● **DIRECTIONS**:
Copy exactly the lines of the records below, and only those lines, beginning with the line that contains "Create Your Own Desktop" and ending with the line that contains "Cristiano Ronaldo wife".

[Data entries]
Start of Block
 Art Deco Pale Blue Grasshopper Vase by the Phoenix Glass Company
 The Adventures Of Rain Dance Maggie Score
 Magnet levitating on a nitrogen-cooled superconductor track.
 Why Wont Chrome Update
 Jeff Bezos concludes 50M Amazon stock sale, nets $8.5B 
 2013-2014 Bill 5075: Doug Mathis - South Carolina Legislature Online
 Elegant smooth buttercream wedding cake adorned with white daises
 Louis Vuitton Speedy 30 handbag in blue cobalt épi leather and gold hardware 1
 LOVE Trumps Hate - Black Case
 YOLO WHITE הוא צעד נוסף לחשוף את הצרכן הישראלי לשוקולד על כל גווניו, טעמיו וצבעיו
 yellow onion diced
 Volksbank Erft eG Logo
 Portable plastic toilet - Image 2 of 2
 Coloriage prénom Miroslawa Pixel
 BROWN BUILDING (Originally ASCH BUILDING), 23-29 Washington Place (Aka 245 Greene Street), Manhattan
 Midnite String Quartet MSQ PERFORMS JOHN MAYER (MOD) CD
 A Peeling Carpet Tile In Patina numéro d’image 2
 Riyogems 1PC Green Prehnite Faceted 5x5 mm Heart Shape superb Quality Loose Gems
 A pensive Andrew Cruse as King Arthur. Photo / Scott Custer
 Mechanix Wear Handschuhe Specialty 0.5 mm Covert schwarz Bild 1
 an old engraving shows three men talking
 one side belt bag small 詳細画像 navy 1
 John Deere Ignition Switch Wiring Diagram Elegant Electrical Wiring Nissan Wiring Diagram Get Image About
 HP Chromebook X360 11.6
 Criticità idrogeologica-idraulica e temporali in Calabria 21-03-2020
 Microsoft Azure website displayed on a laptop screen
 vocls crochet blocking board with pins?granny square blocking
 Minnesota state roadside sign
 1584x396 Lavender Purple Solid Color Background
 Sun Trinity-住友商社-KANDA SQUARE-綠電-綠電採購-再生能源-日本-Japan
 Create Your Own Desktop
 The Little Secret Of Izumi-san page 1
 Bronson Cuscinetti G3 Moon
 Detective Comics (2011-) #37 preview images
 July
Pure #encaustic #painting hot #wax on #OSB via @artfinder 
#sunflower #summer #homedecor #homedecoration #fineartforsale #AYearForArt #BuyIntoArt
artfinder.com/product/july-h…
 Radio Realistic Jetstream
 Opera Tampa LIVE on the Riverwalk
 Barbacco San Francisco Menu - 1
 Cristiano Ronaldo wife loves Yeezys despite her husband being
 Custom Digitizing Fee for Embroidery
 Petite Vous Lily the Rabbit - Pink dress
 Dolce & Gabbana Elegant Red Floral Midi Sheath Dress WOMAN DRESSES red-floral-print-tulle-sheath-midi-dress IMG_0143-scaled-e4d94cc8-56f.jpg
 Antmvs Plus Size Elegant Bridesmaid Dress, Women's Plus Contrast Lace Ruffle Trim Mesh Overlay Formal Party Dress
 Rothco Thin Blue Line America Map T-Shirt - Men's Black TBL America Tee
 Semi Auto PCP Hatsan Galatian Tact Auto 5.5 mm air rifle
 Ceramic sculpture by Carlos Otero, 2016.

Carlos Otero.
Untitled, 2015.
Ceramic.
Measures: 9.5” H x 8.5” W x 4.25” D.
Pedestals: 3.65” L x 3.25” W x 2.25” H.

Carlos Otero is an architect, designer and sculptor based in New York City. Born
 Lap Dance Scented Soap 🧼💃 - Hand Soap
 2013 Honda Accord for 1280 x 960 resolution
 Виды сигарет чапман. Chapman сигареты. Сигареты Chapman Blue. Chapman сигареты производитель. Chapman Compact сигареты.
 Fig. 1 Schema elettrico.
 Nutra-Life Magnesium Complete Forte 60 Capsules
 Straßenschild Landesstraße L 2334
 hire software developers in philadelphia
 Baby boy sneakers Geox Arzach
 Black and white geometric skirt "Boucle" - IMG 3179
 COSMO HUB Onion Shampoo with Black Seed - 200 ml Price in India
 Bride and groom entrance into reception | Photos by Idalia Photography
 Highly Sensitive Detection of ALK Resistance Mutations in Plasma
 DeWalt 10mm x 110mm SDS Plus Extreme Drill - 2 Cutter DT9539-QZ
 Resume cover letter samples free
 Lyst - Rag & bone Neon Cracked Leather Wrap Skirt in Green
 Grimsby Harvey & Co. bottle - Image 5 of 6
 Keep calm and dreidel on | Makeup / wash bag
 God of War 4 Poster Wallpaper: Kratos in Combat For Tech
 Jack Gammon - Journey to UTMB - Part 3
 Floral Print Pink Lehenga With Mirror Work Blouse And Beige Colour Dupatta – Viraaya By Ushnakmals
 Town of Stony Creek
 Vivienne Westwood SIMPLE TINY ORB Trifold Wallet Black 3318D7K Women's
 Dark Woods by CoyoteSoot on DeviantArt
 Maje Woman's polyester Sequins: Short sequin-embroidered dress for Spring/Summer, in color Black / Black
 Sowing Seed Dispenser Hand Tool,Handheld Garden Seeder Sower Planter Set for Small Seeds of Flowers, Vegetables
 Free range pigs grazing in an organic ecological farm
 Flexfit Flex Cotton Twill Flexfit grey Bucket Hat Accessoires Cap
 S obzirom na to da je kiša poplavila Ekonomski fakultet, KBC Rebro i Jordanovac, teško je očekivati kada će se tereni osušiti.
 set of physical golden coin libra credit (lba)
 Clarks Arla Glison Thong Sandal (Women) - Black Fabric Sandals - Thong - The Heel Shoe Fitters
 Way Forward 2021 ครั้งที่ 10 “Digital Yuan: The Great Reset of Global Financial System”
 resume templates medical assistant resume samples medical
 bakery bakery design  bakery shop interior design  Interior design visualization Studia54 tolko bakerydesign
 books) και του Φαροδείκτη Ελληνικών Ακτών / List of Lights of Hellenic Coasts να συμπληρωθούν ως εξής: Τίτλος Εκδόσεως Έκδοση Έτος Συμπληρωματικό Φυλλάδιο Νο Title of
End of Block
● **OUTPUT**:
 Create Your Own Desktop
 The Little Secret Of Izumi-san page 1
 Bronson Cuscinetti G3 Moon
 Detective Comics (2011-) #37 preview images
 July
Pure #encaustic #painting hot #wax on #OSB via @artfinder 
#sunflower #summer #homedecor #homedecoration #fineartforsale #AYearForArt #BuyIntoArt
artfinder.com/product/july-h…
 Radio Realistic Jetstream
 Opera Tampa LIVE on the Riverwalk
 Barbacco San Francisco Menu - 1
 Cristiano Ronaldo wife loves Yeezys despite her husband being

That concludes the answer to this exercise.